Odds are you don’t need the most expensive house in the area to be happy, but it’s easy to be lured into a high-end home if you don’t set firm guidelines. Plan a budget that includes mortgage payments to figure out how much money you’ll need left for all your other expenses. Then—keeping the following reasons in mind—establish a firm upper limit on how much you can spend, and tell your real estate agent not to show you homes above that set price.
You may have to pony up for private mortgage insurance.
If you can’t come up with 20 percent of the new home’s purchase price as a down payment, your lender will require you to purchase private mortgage insurance (PMI). which runs from .5 percent to one percent of the loan value. For example, if you buy a $250,000 house, but only have a $10,000 down payment, you could pay up to an additional $2,500 per year for PMI. If you purchased a $100,000 home and put down the same $10,000, you’d pay no PMI at all.
You’ll probably need to factor in furniture and appliances.
Since most homes don’t sell with furniture and/or appliances included, you’ll most likely need to purchase these big-ticket items, especially if you’ve been renting a furnished apartment up to now. If you buy a home at the top of your budget, you may be unable to afford quality necessities like a fridge or washer/dryer. Find a less expensive house and you’ll have some funds to equip it with furniture and appliances that will make it feel like home.
Costly repairs can happen.
Your dream house could quickly become a nightmare if, for instance, the HVAC unit poops out and your insurance company doesn’t cover the replacement cost (they usually don’t). Paying a high monthly mortgage can leave you without enough money to contribute to an emergency fund for just such a purpose. You may end up having to take another loan just to cover the cost of repairs, which will stress your budget even more.
A high-end home can leave you “house poor.”
The term “house poor” refers to folks who spend most of their income on their home through mortgage payments, repair costs, property taxes, and utility bills, leaving little left over for other expenses. Being house poor is no fun when your friends are taking vacations and buying new cars, but you’re tapped out with that big mortgage payment and house-related bills.
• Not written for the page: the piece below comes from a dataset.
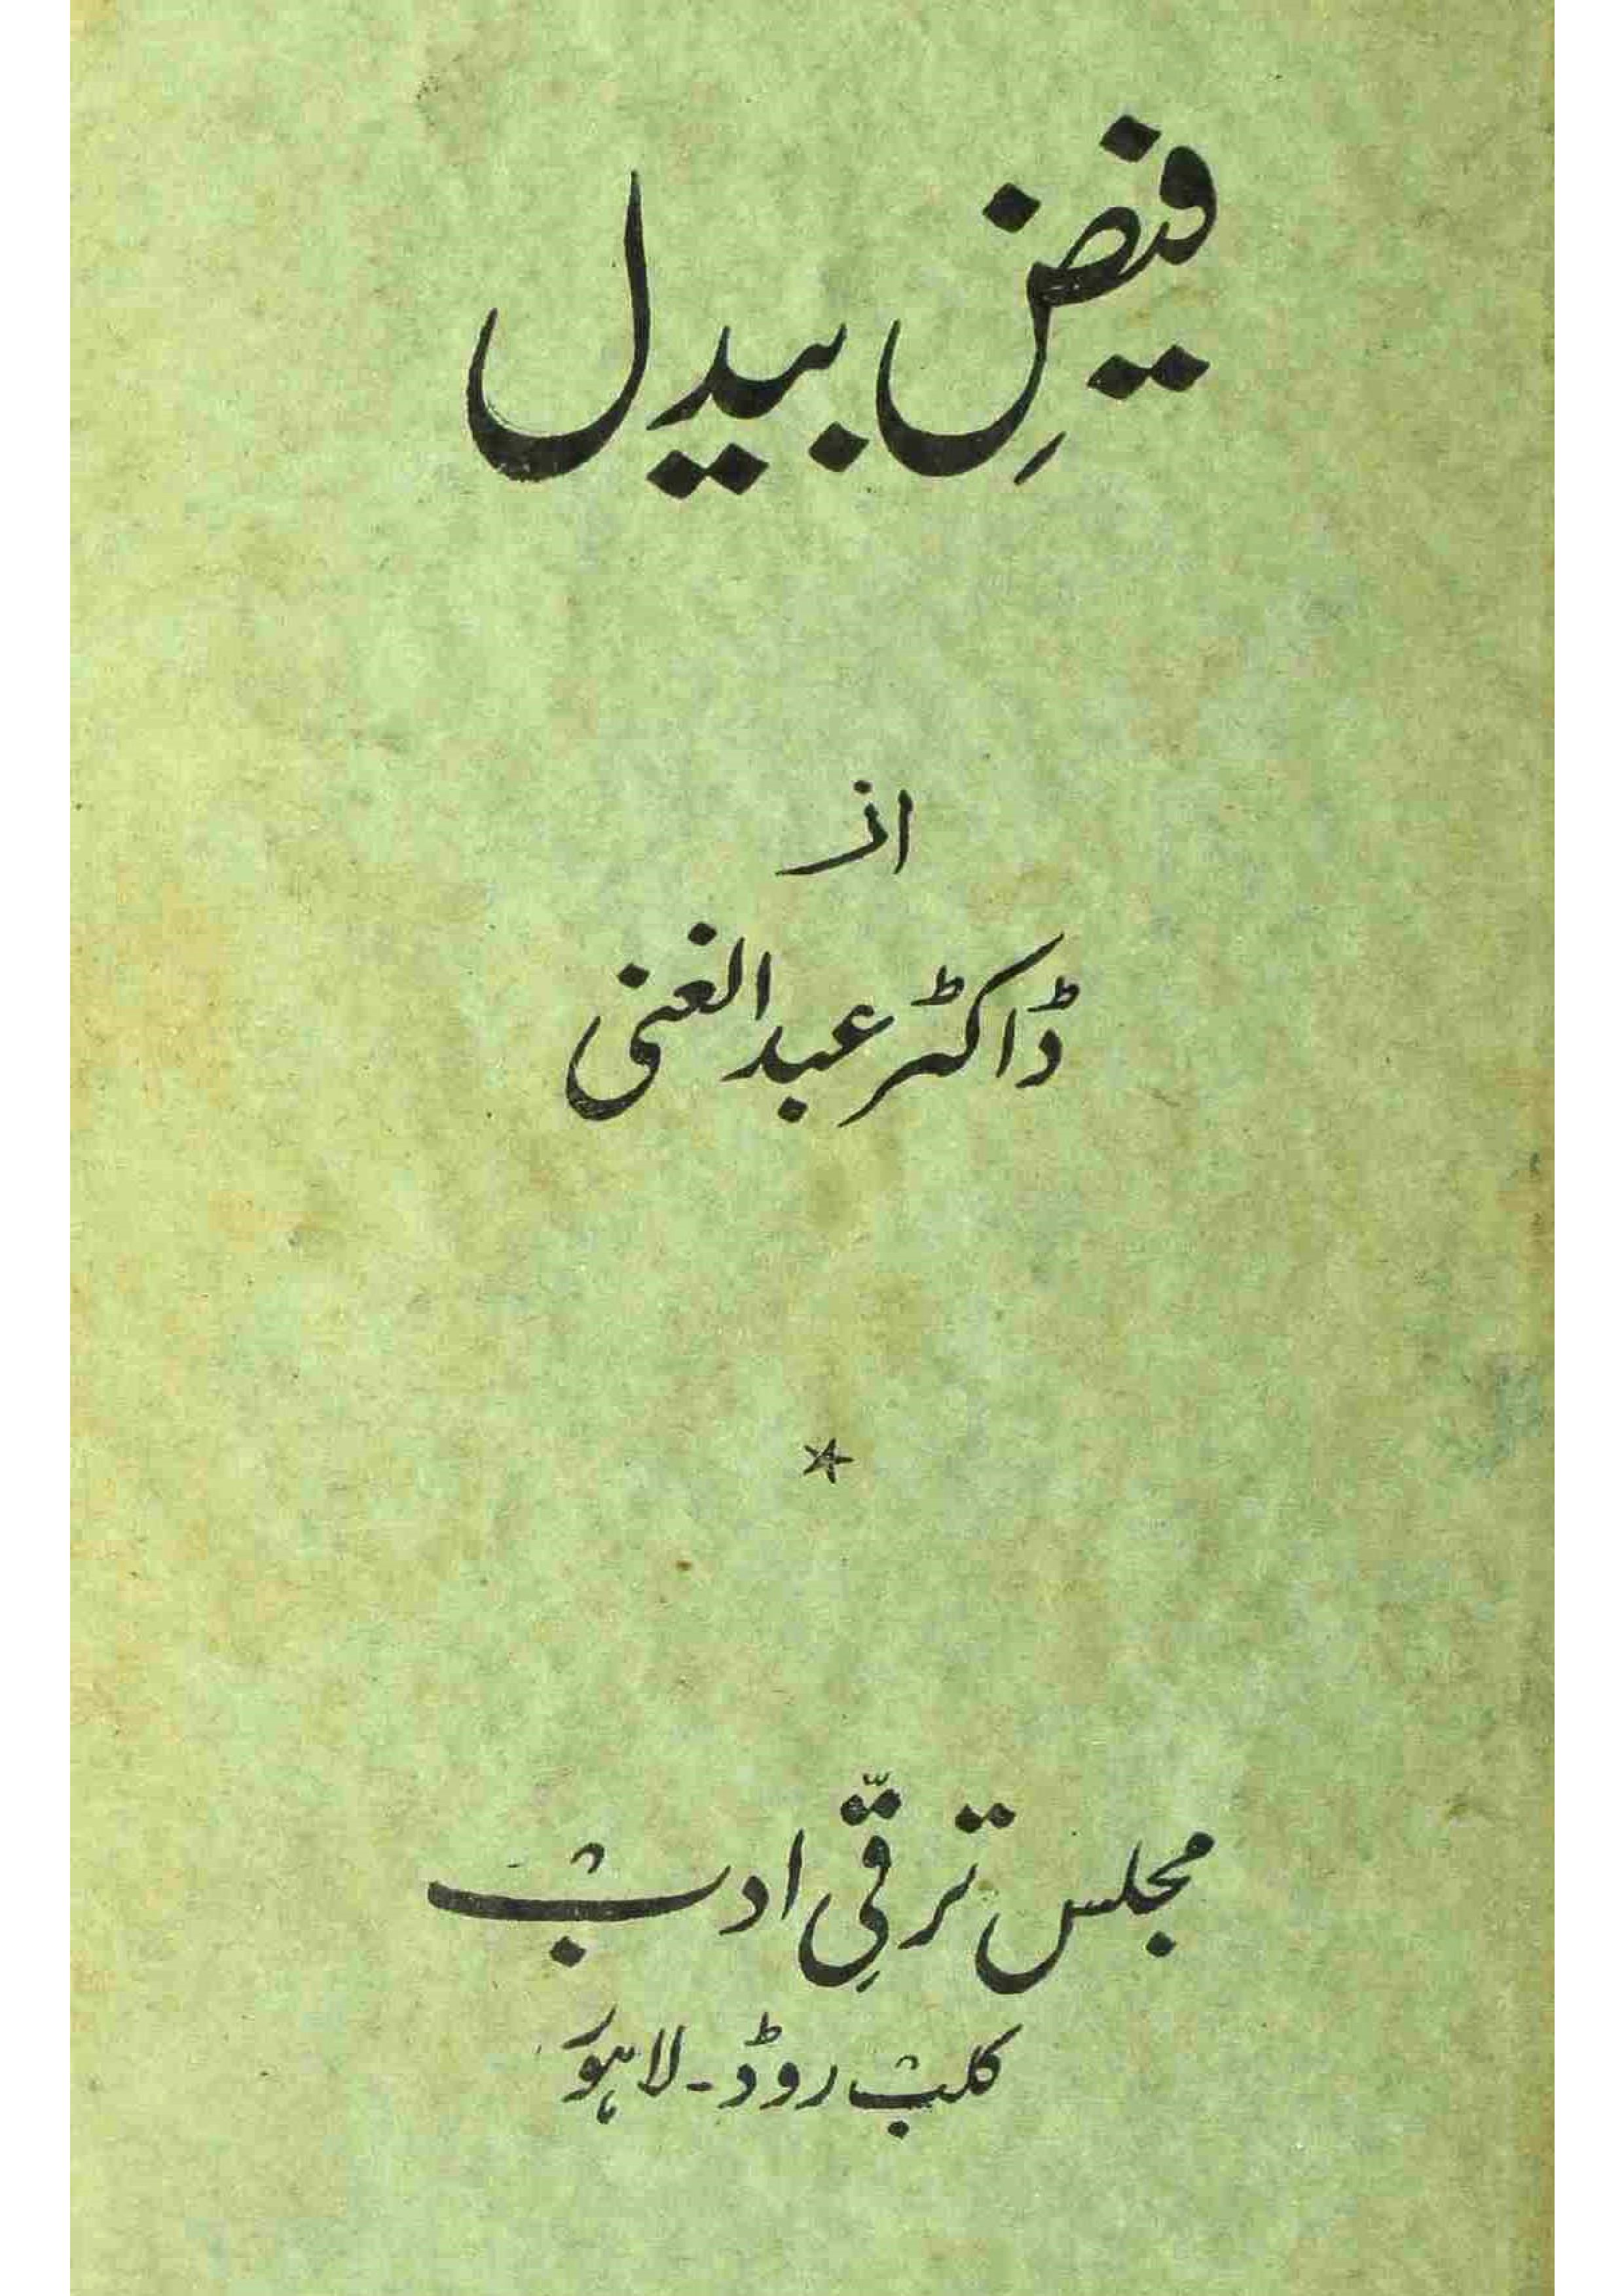 Faiz-e-Bedil
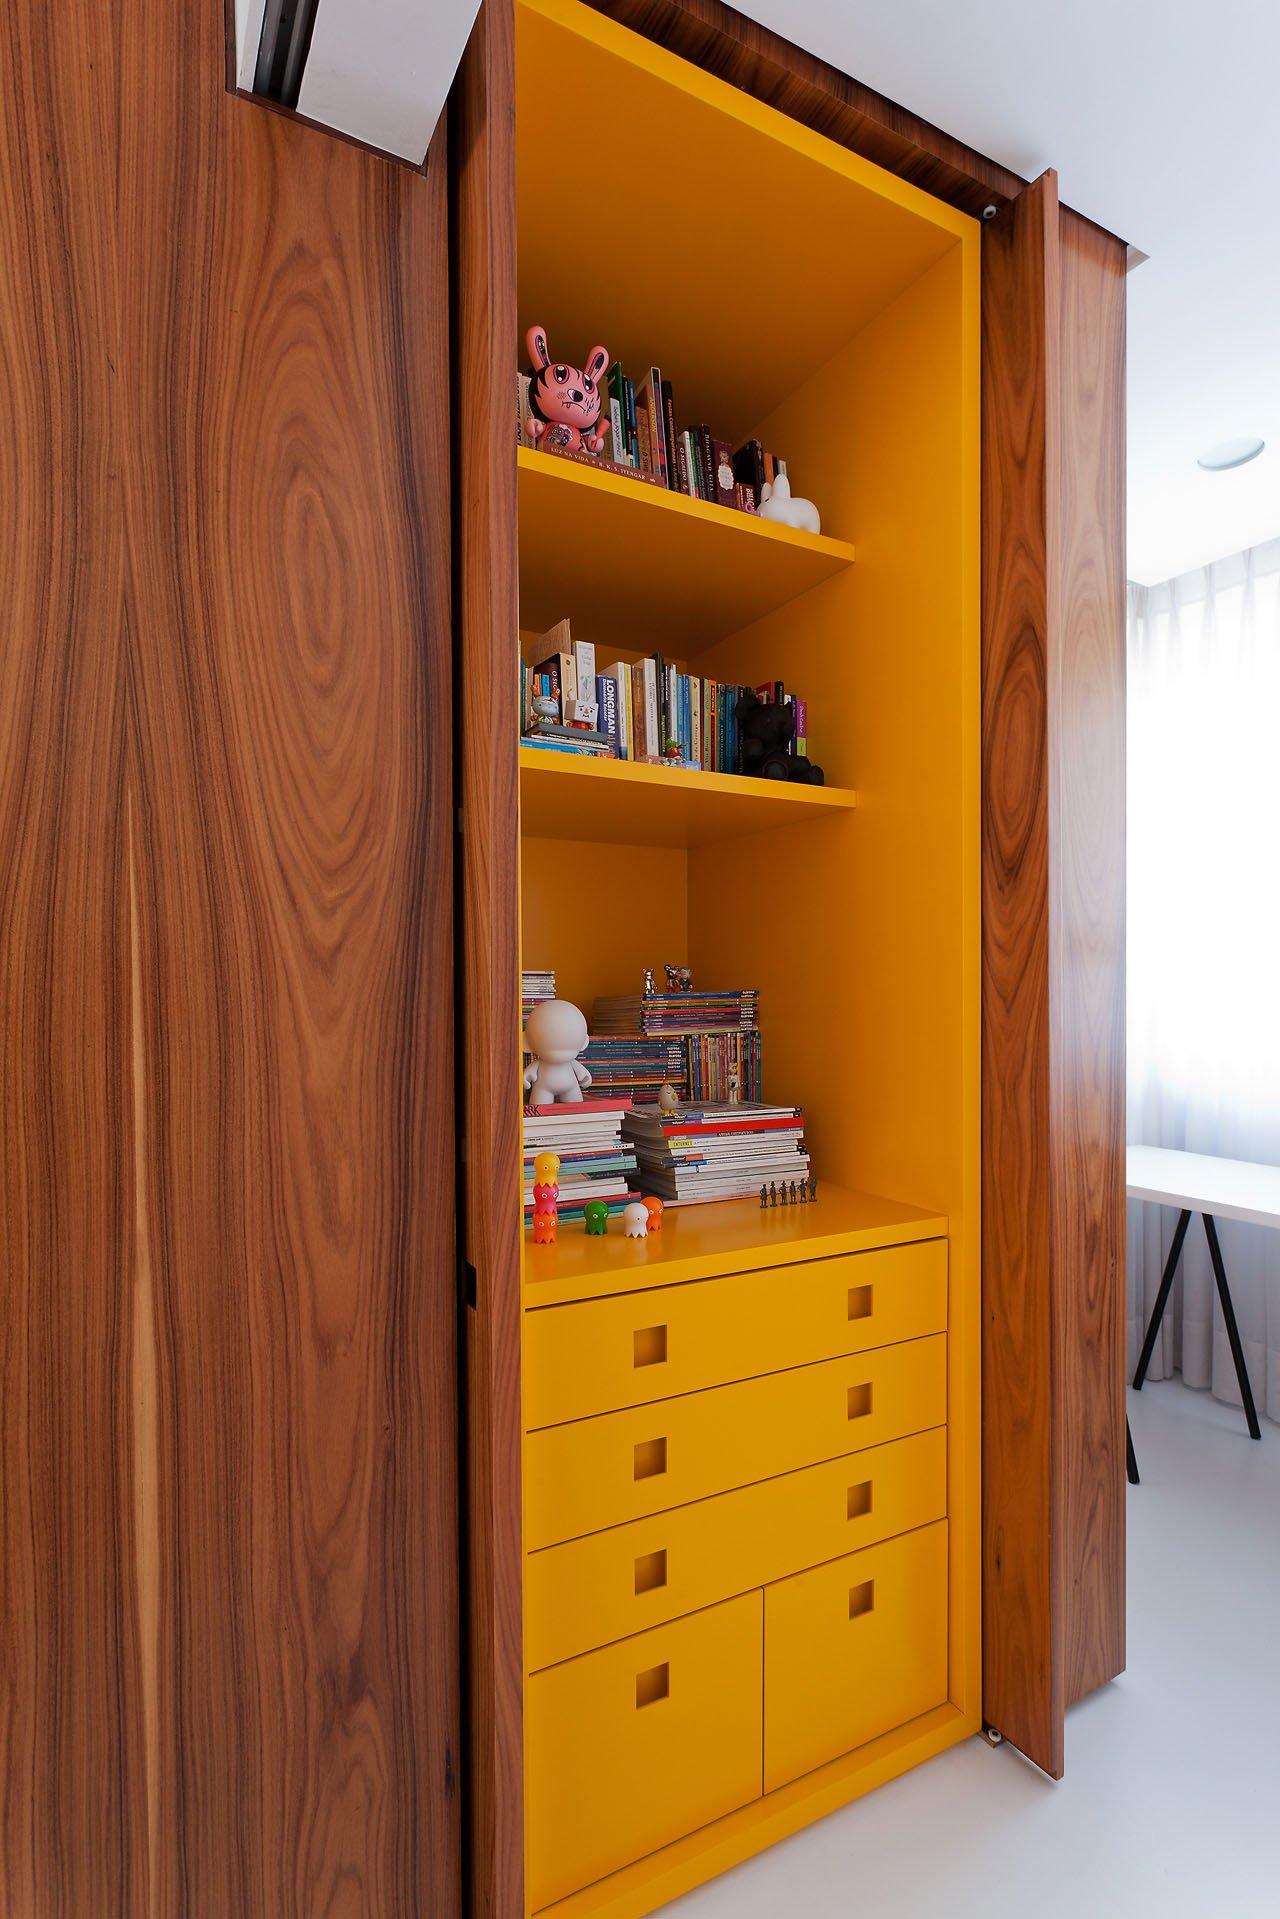 Apartment-Ahu-61-12

You’ll want to remember to save for retirement.
Many financial experts, such as Fidelity Bank, suggest socking away at least 15 percent of your income toward retirement savings. If your mortgage payment and related housing costs are so high that you can’t afford to save for those golden years, you may have to work way past retirement age just to make ends meet. Buyiing a more moderate house now could mean more leisure time later.
A pricy house could hurt your kids’ college prospects.
College is expensive, and many families apply for financial aid to help pay the tab for tuition, room, and board. Unfortunately, getting financial aid is based on parental income (until the student is 24 years old), according to the Motley Fool. So if you buy a costly house that doesn’t let you save for your kids’ education, their chances of receiving financial aid will still depend on how much money you earn—not how much you have in your bank account—and their options could suffer.
It’s simply not worth the stress!
Being short on cash and always living paycheck to paycheck doesn’t make for a happy life. According to CNBC, financial problems are the leading source of stress in couples and families. In the long run, having the fanciest house you can afford just isn’t worth all you’ll give up to hold onto it. A less expensive abode will leave you with money for savings, vacations, an emergency fund, and a college fund for the kids. And after all, the best house you can own is one filled with love!